I could see .4% being a good number for a corrected stretch/pitch measurement though, since the Record cassettes sell north of $200 and get scarce over time.
It would be more than a hassle rotating chains with those special press-fit links though.
I used to use Campag's method of direct measurement 20 years ago with a 6" dial caliper, which I modified to read out to 6.2XX" and usually used 6.230 as the limit iir. I was wasting chains!
I remember one new DID Lanner chain registering as being over 6.230" after only 550 miles, which was obviously not indicative of much actual stretch.
I always use Shimano chains as replacements on Campag drivetrains, since they cost so much less, require no special tools to install and last at least as long while seeming to require less copious lubrication to remain silent.
In most cases, the Shimano chain is a touch narrower, which always seems to improve shifting. Campag even recommended use of their narrower C9 chain on their own 8s drivetrains at one point.
I advise and practice never to remove or clean a bike's chain during the service interval. I apply a continuous fine stream of diluted lubricant to the point of semi-saturation onto the moving chain, followed by a wipe-down with a terry shop towel.
The sprockets (and pulleys) get cleaned while rotating using a machinist's rule (and screwdriver tip), respectively.
From there, a rag pulled thru the cassette's gaps can pretty things up as needed.
Last edited by dddd; 08-13-12 at 01:55 PM.
I use Campy's pin for the first installation, but use a master link after removing a chain for cleaning. I use the same technique of applying a heavily diluted homebrew chain lube to help flush out dirt, but after enough weeks, the road grit here in Colorado gets to be too much, so I take the chain off for cleaning.
One of the silliest myths about chain cleaning is that is harms the chain by removing "valuable" lube. Sure it remove the lube and dirt, but removing wear casuing grit is the idea. A thin lube penetrates the pins, rollers and bushings in a matter of seconds.
A Wipperman connex link is my favorite design, but it's a little bit of a sloppy fit on a Campy 10 chain and there is no 11 speed link. IRD makes one that looks decent and of course, KMC chains come with master links.

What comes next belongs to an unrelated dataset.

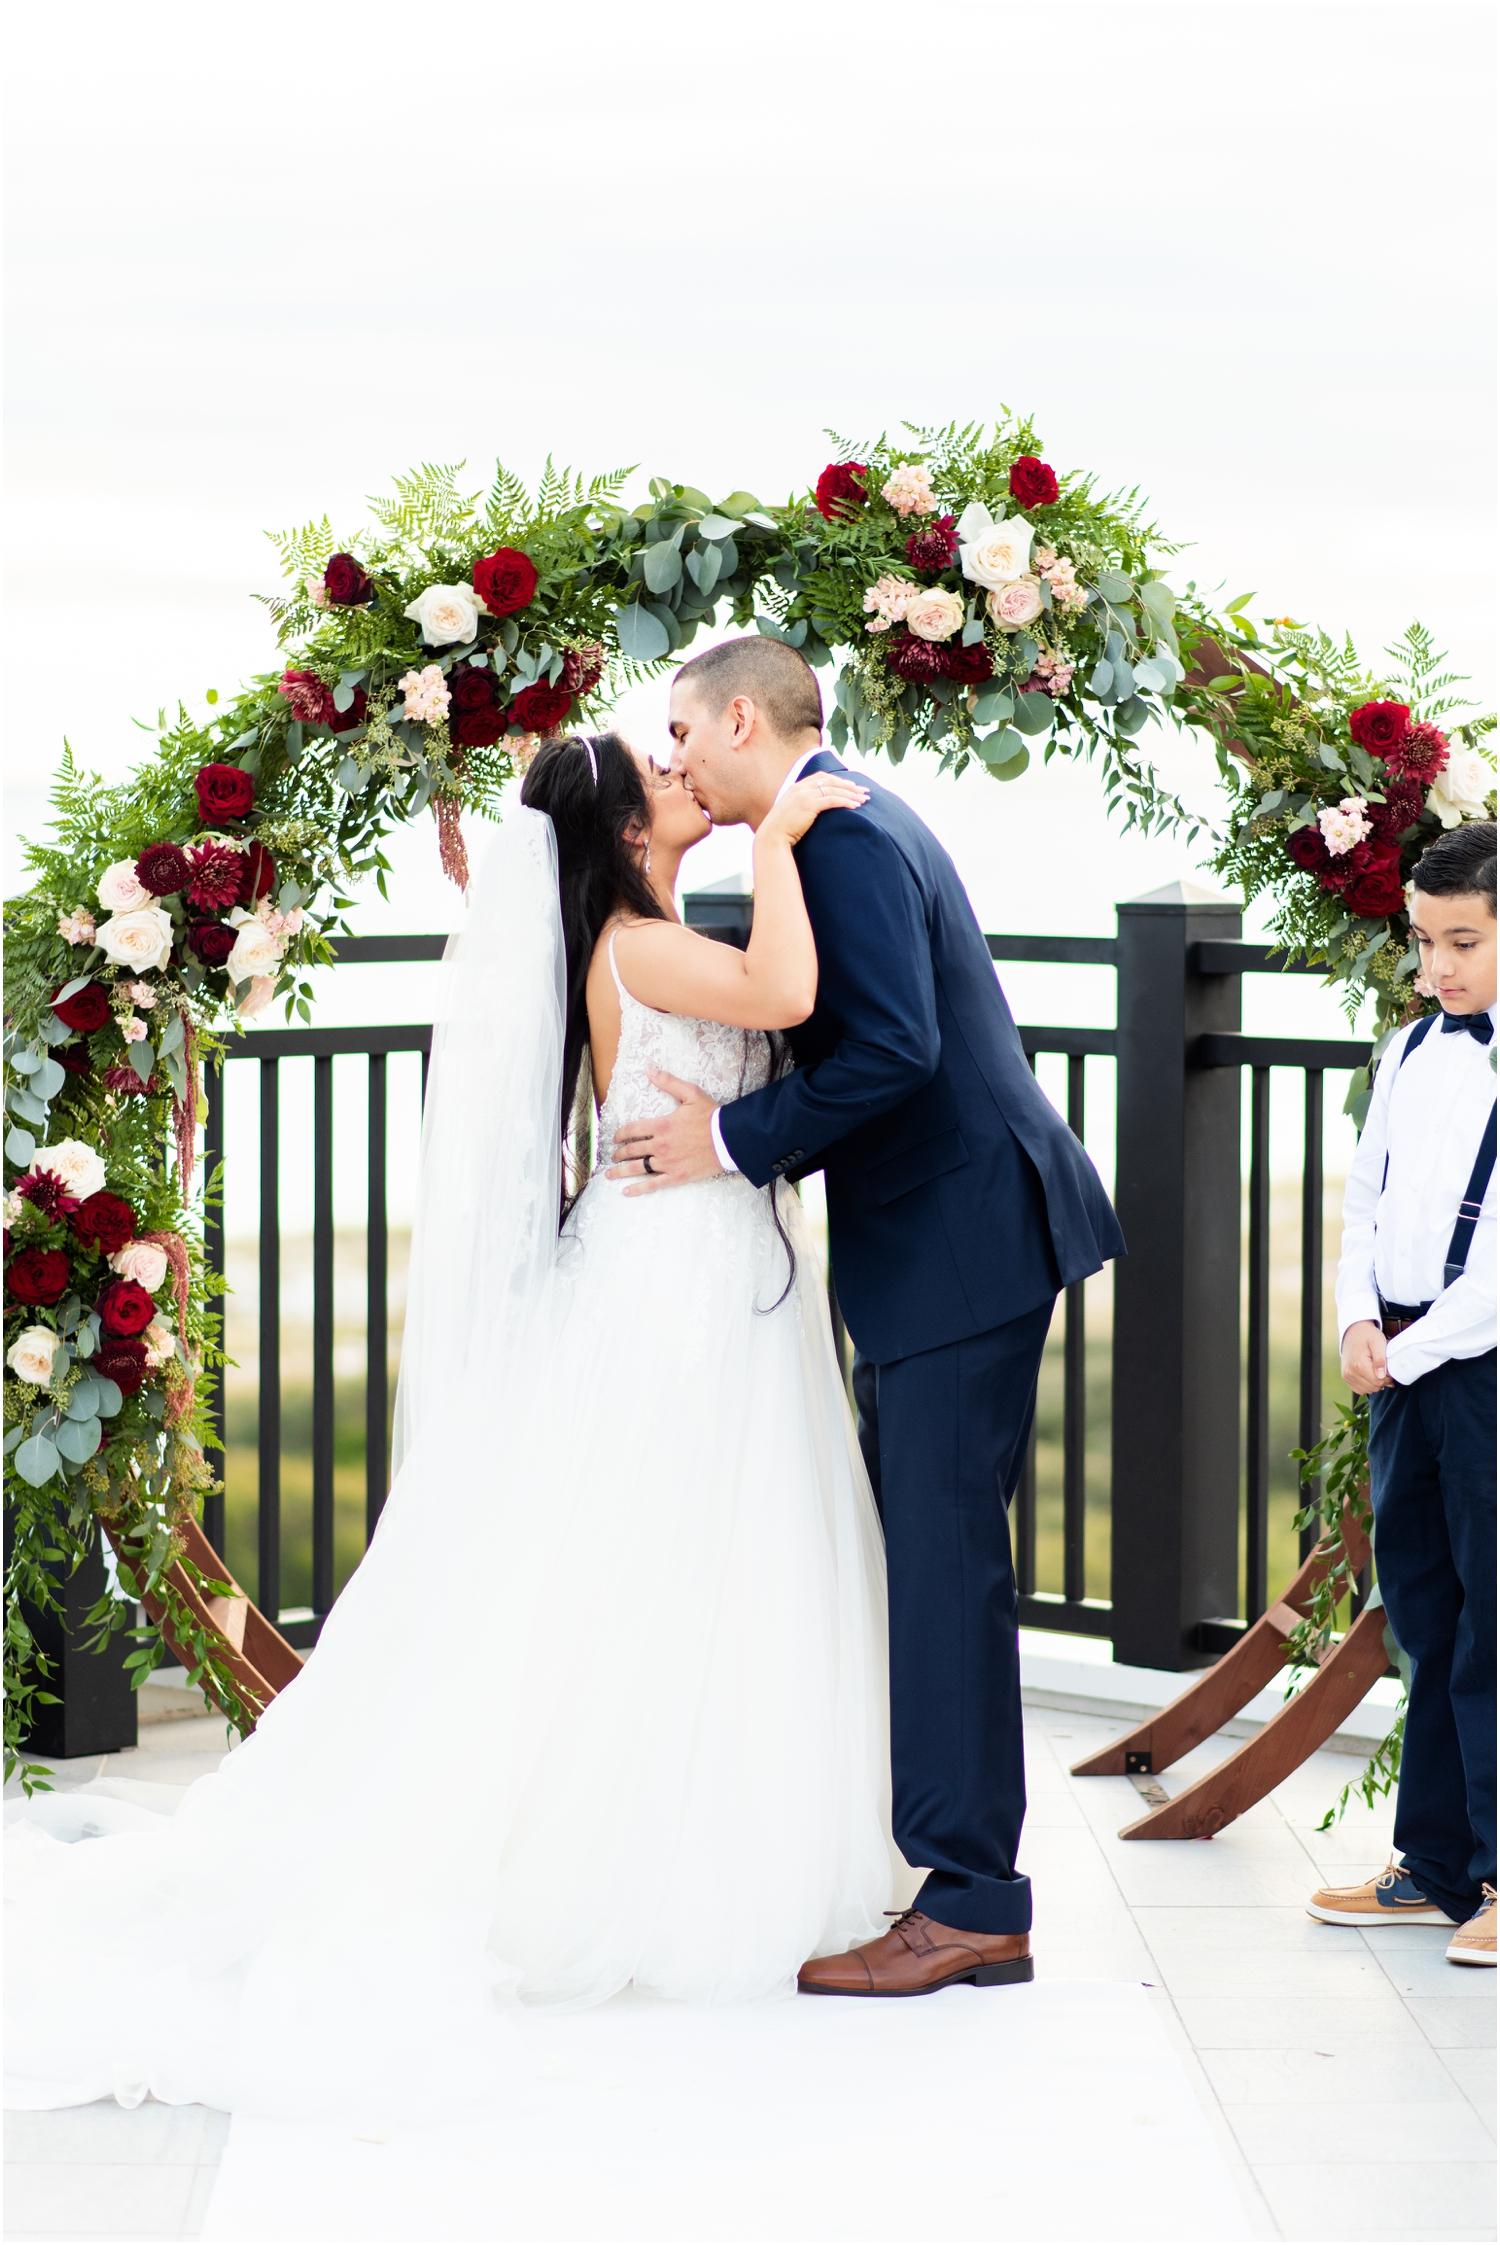 Henderson Beach Resort Inn Destin Florida Wedding Photographer rooftop ceremony
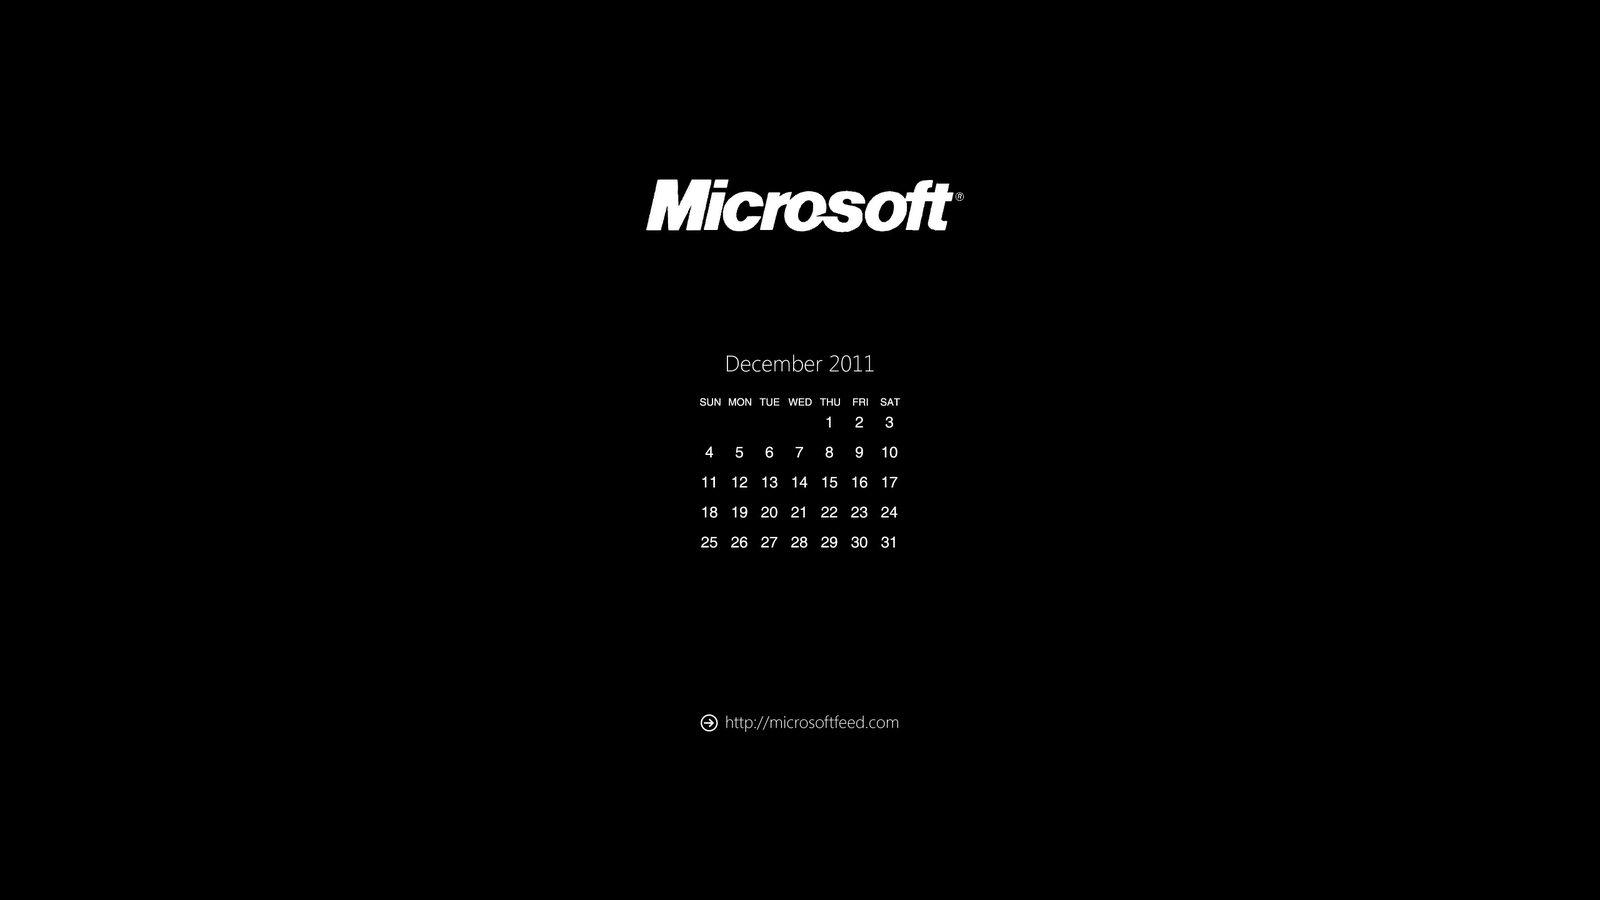 http://2.bp.blogspot.com/-yDqeXK7JqQA/TtvOcekLwcI/AAAAAAAAByo/Y5HB4v26xlk/s1600/Microsoft-Metro-Style-Desktop-Wallpaper-Calendar-December-2011.png

Here's another little known fact. Even though all brands of 10 speed chains now have the same 5.9mm width, the width across the inner plates is not the same. Campy and SRAM were both about .1mm narrower, the last time I checked. That's what makes both Wipperman and KMC links a sloppy fit on a Campy or SRAM chain. KMC chains tend to have more side clearance, when new, than the other brands and their master links have an even looser fit. Typical side clearance for a new chain is in the .004-.008 inch range.